A PR pattern of 150 nm was obtained as shown in FIG. 5 in the same manner as in Comparative Example 2, except that the upper coating process was performed using the compound prepared as described above. Comparing this with FIG. 2, it can be seen that there is almost no damage on the upper part of the pattern, and an improved vertical profile.

Experimental Example 4

First, as a protective film composition for coating a PR top, a novel protective film composition is prepared by mixing 20 g of aquatar top coating material produced by Clariant and 0.025 g of tetramethylammonium hydroxide pentahydrate of Formula 3 according to the present invention. It was.

A PR pattern of 150 nm was obtained as shown in FIG. 6 in the same manner as in Comparative Example 2, except that the upper coating process was performed using the compound prepared as described above. Comparing this with FIG. 2, it can be seen that there is almost no damage on the upper part of the pattern, and an improved vertical profile.

Experimental Example 5

First, as a protective film composition for coating the PR top, a novel protective film composition was prepared by mixing 20 g of aquatar top coating material produced by Clariant and 0.020 g of triethanolamine of Chemical Formula 4 according to the present invention.

A PR pattern of 150 nm was obtained as shown in FIG. 7 in the same manner as in Comparative Example 2, except that the upper coating process was performed using the compound prepared as described above. Comparing this with FIG. 2, it can be seen that there is almost no damage on the upper part of the pattern, and an improved vertical profile.

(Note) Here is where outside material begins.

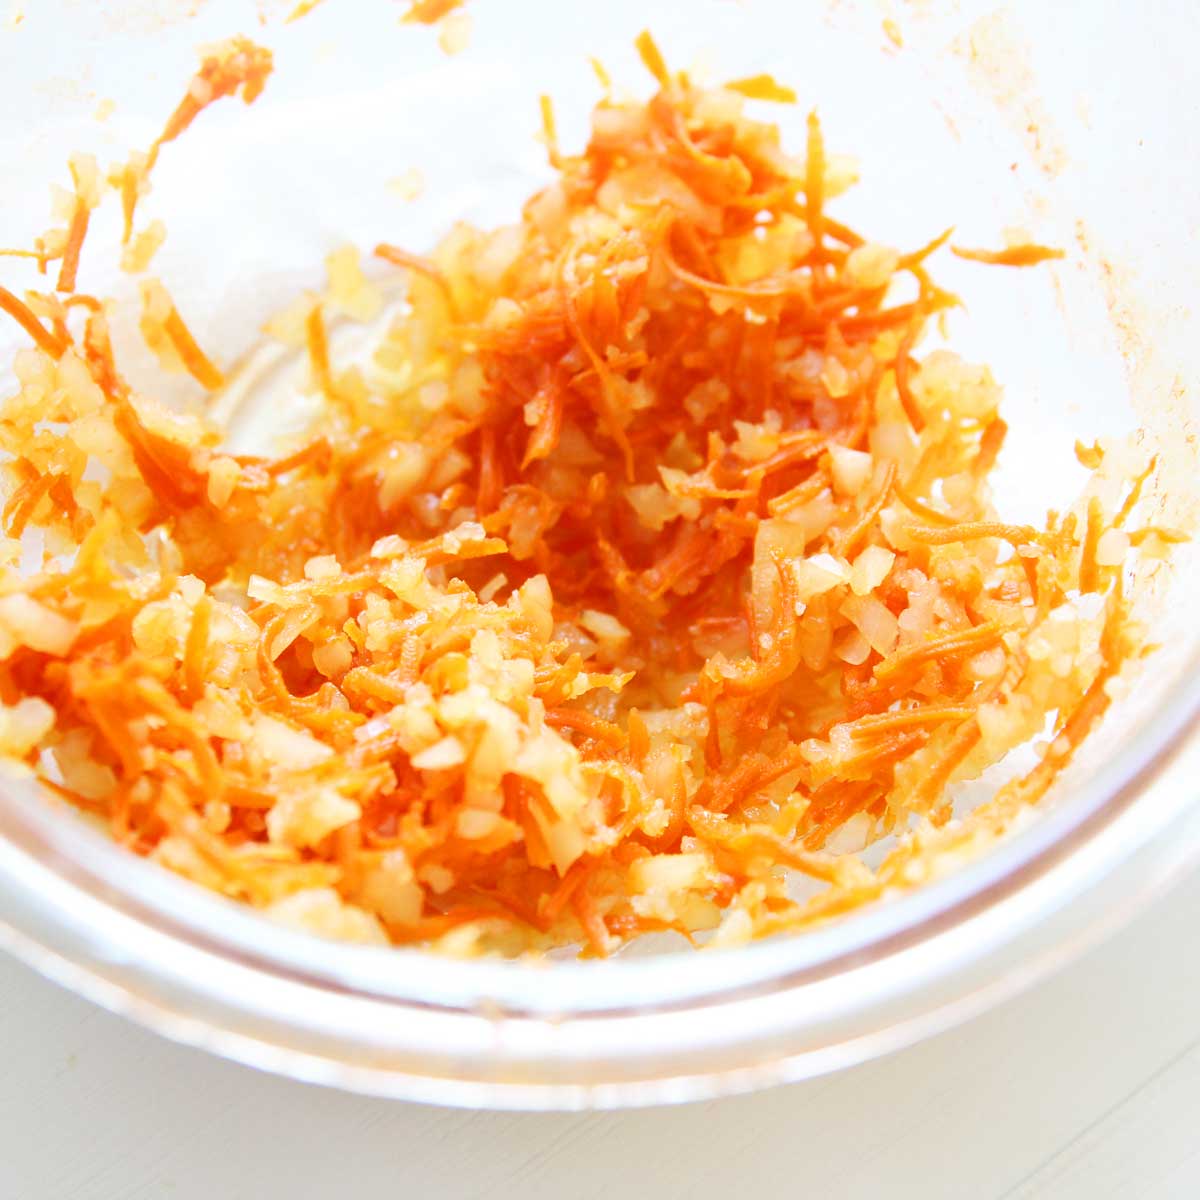 Cauliflower & Carrot Protein Balls - Healthy Energy Bites that Taste like Carrot Cake! - Cauliflower & Carrot Protein Balls

In Experimental Examples 1 to 5, ArF light was used as an exposure source, but in addition, Clipton Proide (KrF), an E-beam, an ion beam, and an EUV (extremely ultra) using a wavelength of 248 nm. extreme wavelength light sources such as violet) may be used.

As the PR composition, a general PR composition may be used in addition to the above-described compounds, and other lithographic conditions may be variously modified as necessary.

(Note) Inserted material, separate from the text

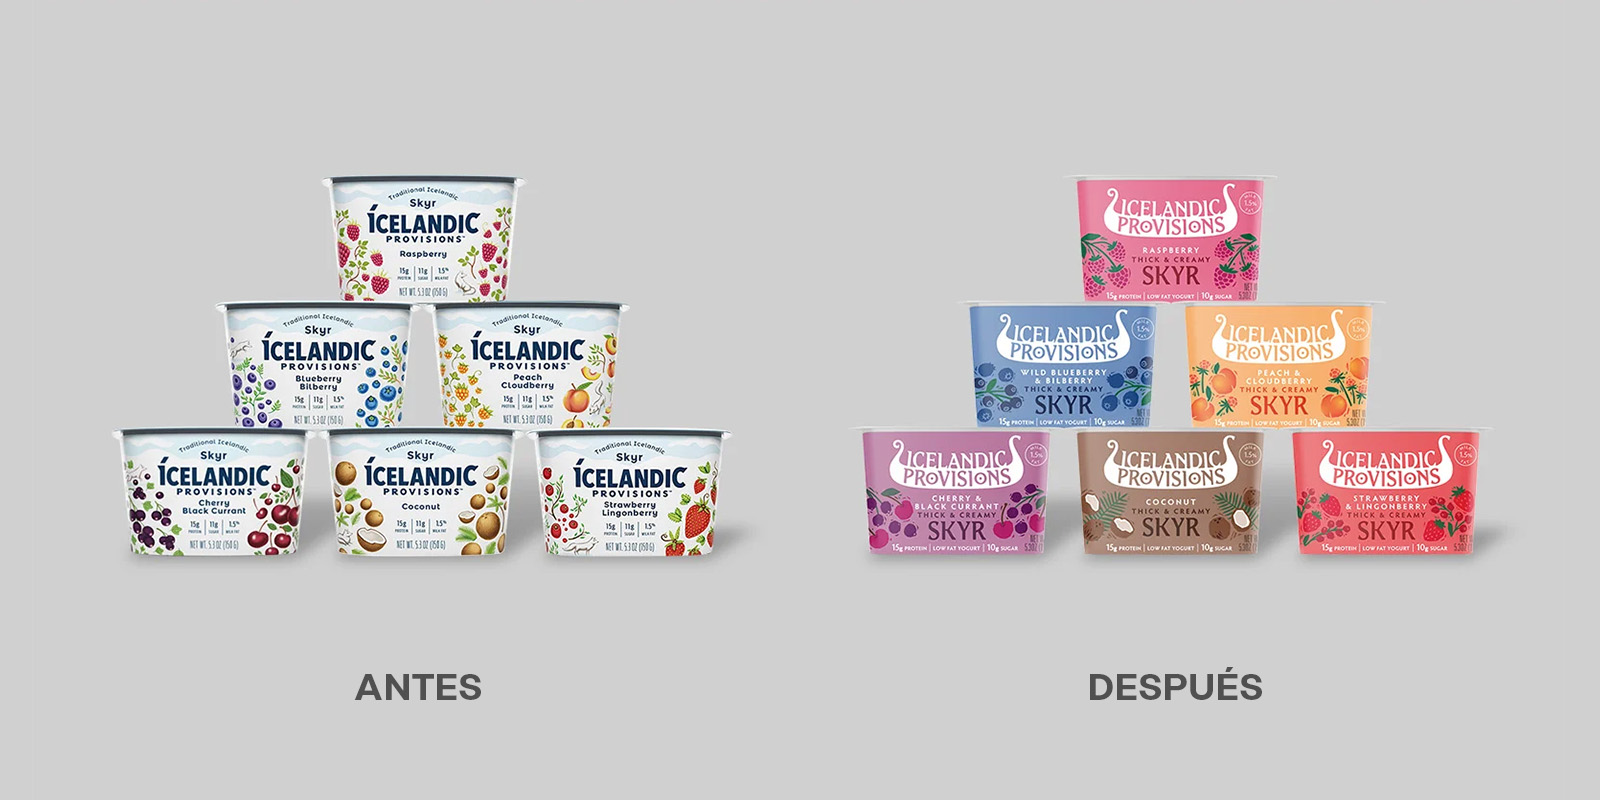 Antes y después del rediseño de packaging y logo del yogurt Icelandic Provisions. El nuevo envase muestra un logo con más personalidad, colores que identifican los sabores con más claridad y nuevas ilustraciones.

From the results obtained in the above experiments and comparative examples, by adding the amine contamination prevention material according to the present invention to the conventional top coating material, not only can prevent amine contamination during PED, but also due to the diffusion of acid on the PR It can be seen that deformation of the pattern can be prevented.

Claims (13)

delete delete delete delete delete In the top coating composition of a chemically amplified photoresist, wherein the top coating composition further comprises an amino acid derivative, The top coating composition is applied on the chemically amplified photoresist to form a top coating layer, The amino acid derivative prevents the acid generated in the exposure area of the chemically amplified photoresist from being contaminated by amines in the external atmosphere, and prevents the acid on the surface of the exposure area from diffusing to the non-exposed areas, thereby reducing the vertical distribution of the acid in the exposure area. Top coating composition for chemically amplified photoresist, characterized in that to be uniform. The method of claim 6, The top coating composition is a top coating composition, characterized in that the amino acid derivative is added to the conventional anti-reflection film composition. The method according to claim 6 or 7, The amino acid derivative is a top coating composition, characterized in that L-proline. delete (a) applying a chemically amplified photoresist composition on the substrate to form a photoresist film, (b) applying a top coating composition of claim 6 on top of the photoresist film to form a protective film; (c) exposing the resultant using an exposure apparatus; (d) developing the resultant to form a photoresist pattern. The method of claim 10, And the exposure apparatus employs a short wavelength light source of 250 nm or less. The method of claim 10, The exposure equipment includes a Clipton Prolide (KrF) using a wavelength of 248 nm, an Argon Proride (ArF) using an wavelength of 193 nm, an electron beam (E-beam), an ion beam, and an extreme remote ultra violet (EUV). Employing a light source selected from the group consisting of The semiconductor device manufactured by the method of Claim 10.